One customer boasted that he had studied for his repeat Leaving Certificate in Harto’s, and qualified in law at Harto’s, whereupon Alfie told him it was time he got a job and paid off the money he owed to Harto’s.

Though Hartigan’s features in At Swim Two Birds, Davy Byrne’s “moral pub” on Duke Street, on the other side of St Stephen’s Green, is better known, as it is mentioned in Ulysses.

However it was a Harto’s old boy, entrepreneur Denis O’Brien, who celebrated his 50th birthday by building a marquee replica of his favourite watering hole at Wanderers’ rugby ground, as the original was too small for 700 guests.

The Mulligans were invited, but Alfie was not in on the secret. He demanded to know who owned this place and how long it had been there, before the penny dropped. By this time he had acquired the adjoining public house, best known as O’Dwyers of Leeson Street.

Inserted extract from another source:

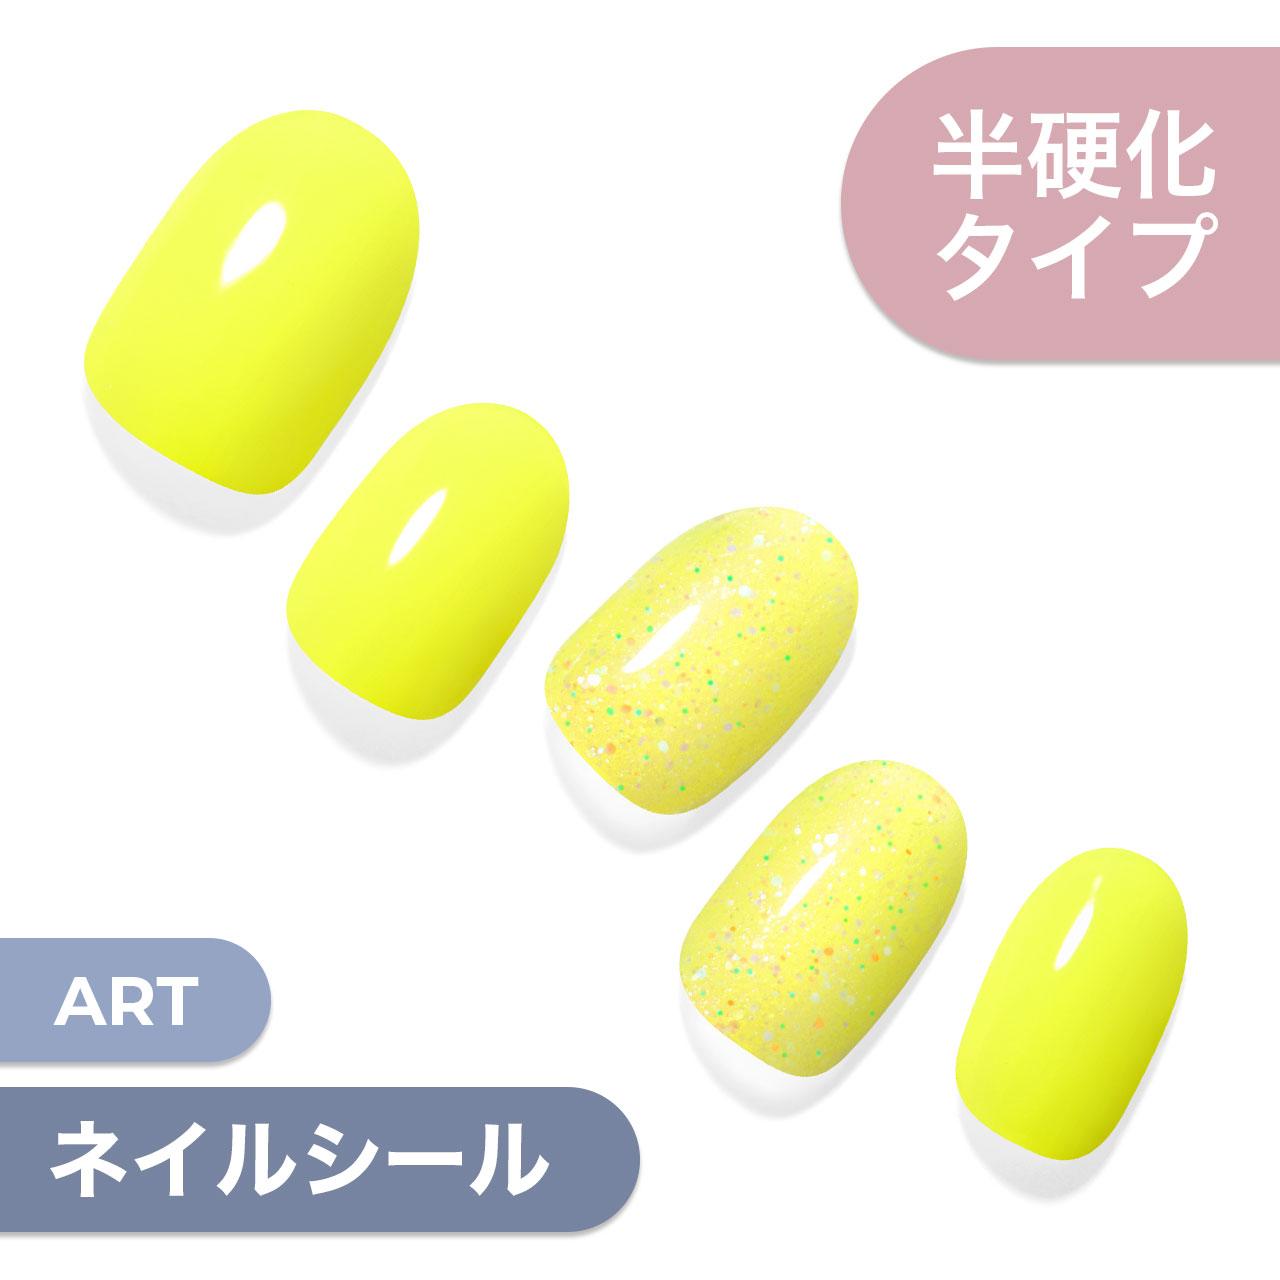 【Juicy Lemon】ダッシングディバグレーズ

And it was in Harto’s in September 1995 that a little piece of history was made when O’Brien famously had a drink with minister for communications Michael Lowry but did not discuss the imminent award of a mobile phone licence, according to evidence given to the Moriarty tribunal.

Few pubs can boast a “past pupils’ union” but Harto’s has the “Sotrah (Harto’s backwards) club”, a devoted group of 1970s alumni whose most recent meeting was in Hartigan’s to mark Alfie’s 90th birthday, just two weeks before he died.

The fellowship of the pub is a special one. Some customers value being recognised and part of the in-crowd. Others – the “flotsam and gentlemen” of the drinking fraternity – slip quietly from public house to house, pausing for a glass and the sports pages, before going on through the shadows.

A man might frequent a bar during half a lifetime and his name remain unknown to the publican. If they met on the street, the publican would wait for the customer to greet him, as to take the initiative might break the confidentiality of their bond. Alfie had the measure of his customers, and respected them all.

All is changing, in a world where thunderous sports bars abound and seating is removed before big matches so more punters can be crammed in.

The improving world could learn much from Alfie Mulligan, publican extraordinaire. He is survived by his wife Evelyn, their seven children, and his twin Gerard. His son Thomas predeceased him.


Alphonsus (Alfie) Mulligan, publican, born February 19th, 1922, died March 30th, 2012.